The Slavic-BERT-NER from Deeppavlov uses lib versions that are imcompatible with the ones from the mcsq_annotation script, therefore this script should be run using a separate virtual environment.
- Parameters
df (param1) – the dataframe that holds the preprocessed and POS tag annotated questionnaire.
ner (param2) – pretrained NER model provided by Deeppavlov.
- Returns
df_tagged (pandas dataframe), the questionnaire with added NER annotations.
-
annotation.wis_annotated_text_to_alignment.
add_annotation
(df_source, df_target, df_alignment)[source]¶ Adds NER/POS annotations in the alignment files by copying the annotations from the spreadsheets.

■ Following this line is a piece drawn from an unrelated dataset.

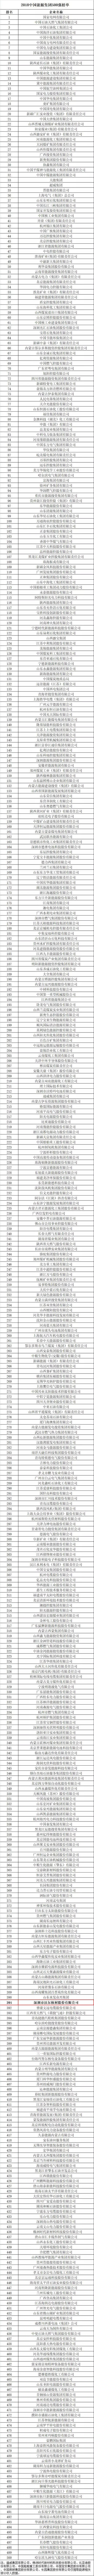 实博sbet荣登2018中国能源集团500强榜单3.jpg

Differently from the EVS, ESS and SHARE files, all the WIS files have 1-1 correspondences and come prealigned, therefore these files do not have to go through the Alignment algorithm.
- Parameters
df_source (param1) – the dataframe that holds the preprocessed annotated source questionnaire.
df_target (param2) – the dataframe that holds the preprocessed annotated target questionnaire.
df_alignment (param3) – the dataframe that holds the alignment questionnaire, without annotations.
- Returns
df_alignment (pandas dataframe) with added NER and POS annotations that were copied from the df_source and df_target.